Изменить стиль страницы

Старик, повернув книгу к светильникам, водил пальцем по строкам:

— Слушай, что здесь написано: «И было ко мне слово Господне: сын человеческий! обрати лице свое к Гогу в земле Магог, князю Роша, Мешеха и Фувала… Готовься и снаряжайся, ты и все полчища твои, собравшиеся к тебе, и будь им вождем. После многих дней ты понадобишься; в последние годы ты придешь в землю, избавленную от меча, собранную из многих народов, на горы Израилевы, которые были в постоянном запустении, но теперь жители ее будут возвращены из народов, и все они будут жить безопасно. И поднимешься, как буря, пойдешь, как туча, чтобы покрыть землю, ты и все полчища твои и многие народы с тобою», — тут старик ткнул худым крючковатым пальцем в грудь славному рыцарю Готфриду. — А вот послушай! Не о твоих ли деяниях написано?.. «И вострепещут от лица Моего рыбы морские и птицы небесные, и звери полевые и все пресмыкающееся, ползающее по земле, и все люди, которые на лице земли, и обрушатся горы, и упадут утесы, и все стены падут на землю…»

Готфрид покачал головой:

— Мне знакомо то, что ты сейчас прочитал. Но действительность, я уверен, превзойдет все пророчества, — герцог взял старца за плечо. — Подойди к карте. Посмотри: за Иконием опять какая-то пустыня, а затем — Киликия. Я слышал, это цветущий край. А за Киликией… видишь, нарисовано?., пути расходятся… Антиохия, Эдесса… От этих богатых городов далеко ли Иерусалим?

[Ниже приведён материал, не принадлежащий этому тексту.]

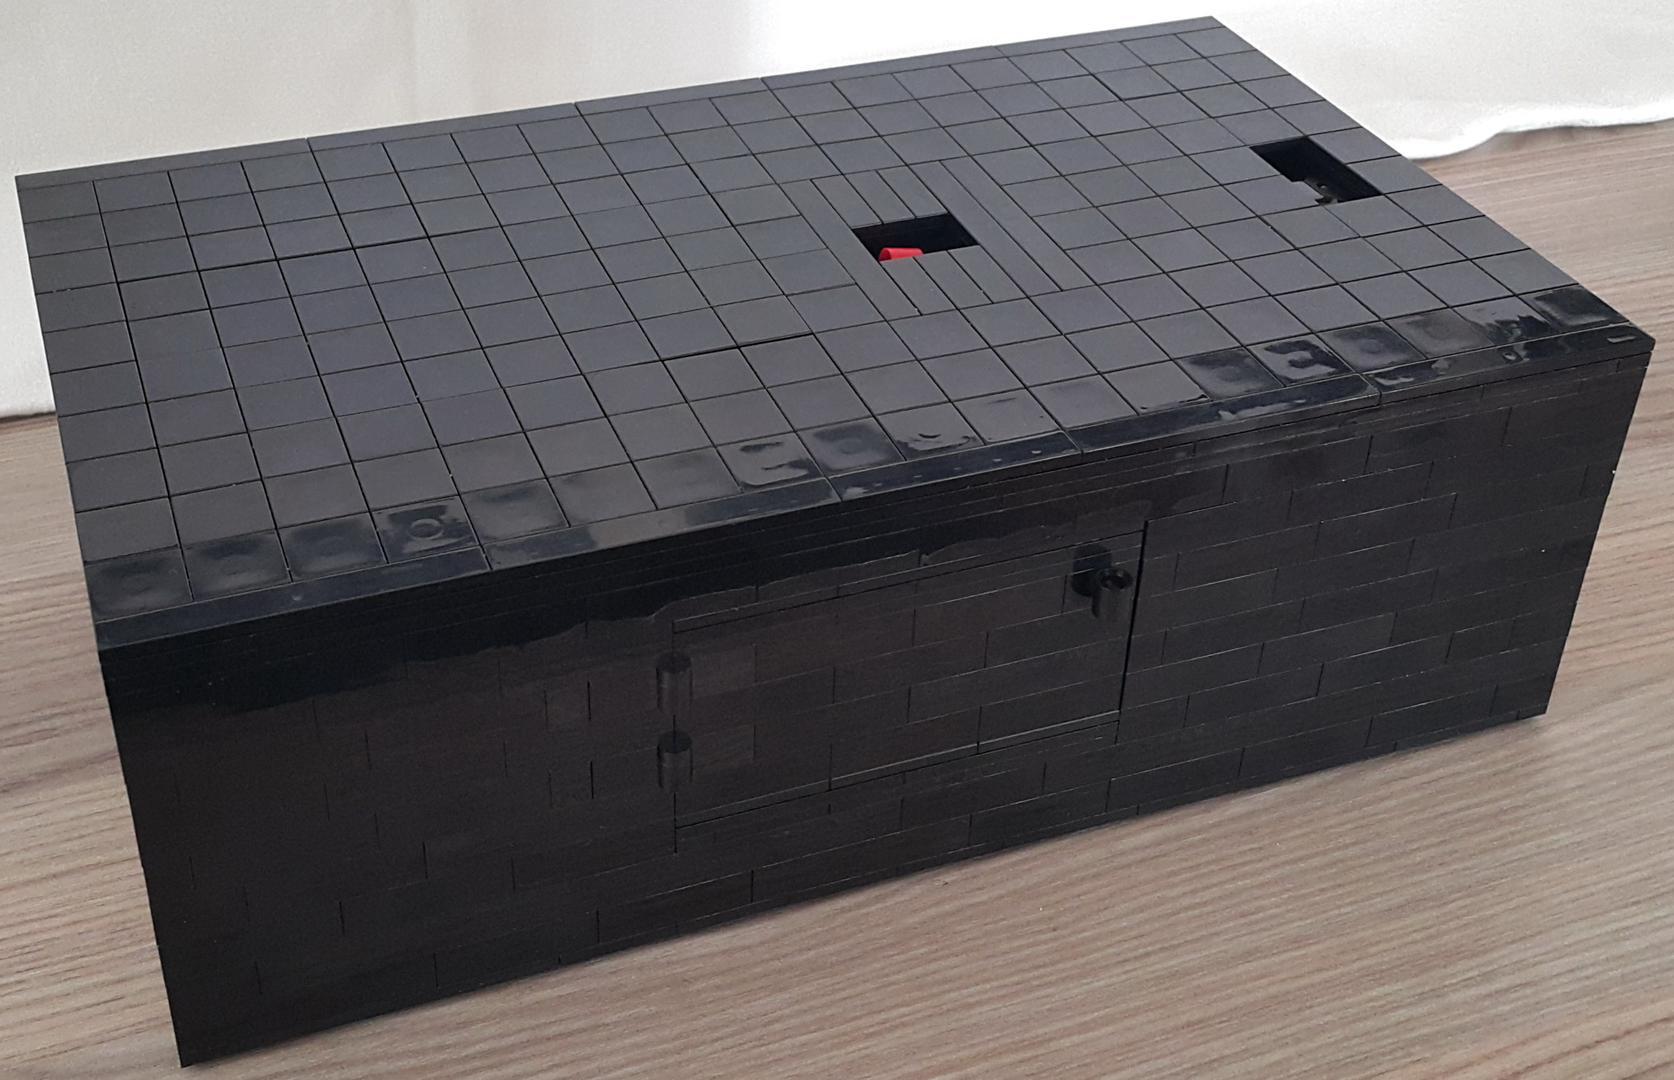 Lego Moc 0899 Luuma Ev3 Core Lego Ultimate Machine Mindstorms

Старец удивленно смотрел на Готфрида, потом на карту, разложенную на столе. И опять открыл книгу.

— Здесь написано про смерть и разрушения, которые придут на горы Израиля, но в книге ничего не написано про меня. Посмотри! Ни одного слова…

— Ты о чем, безумный старик? — не понял Готфрид. — Что там должно быть написано?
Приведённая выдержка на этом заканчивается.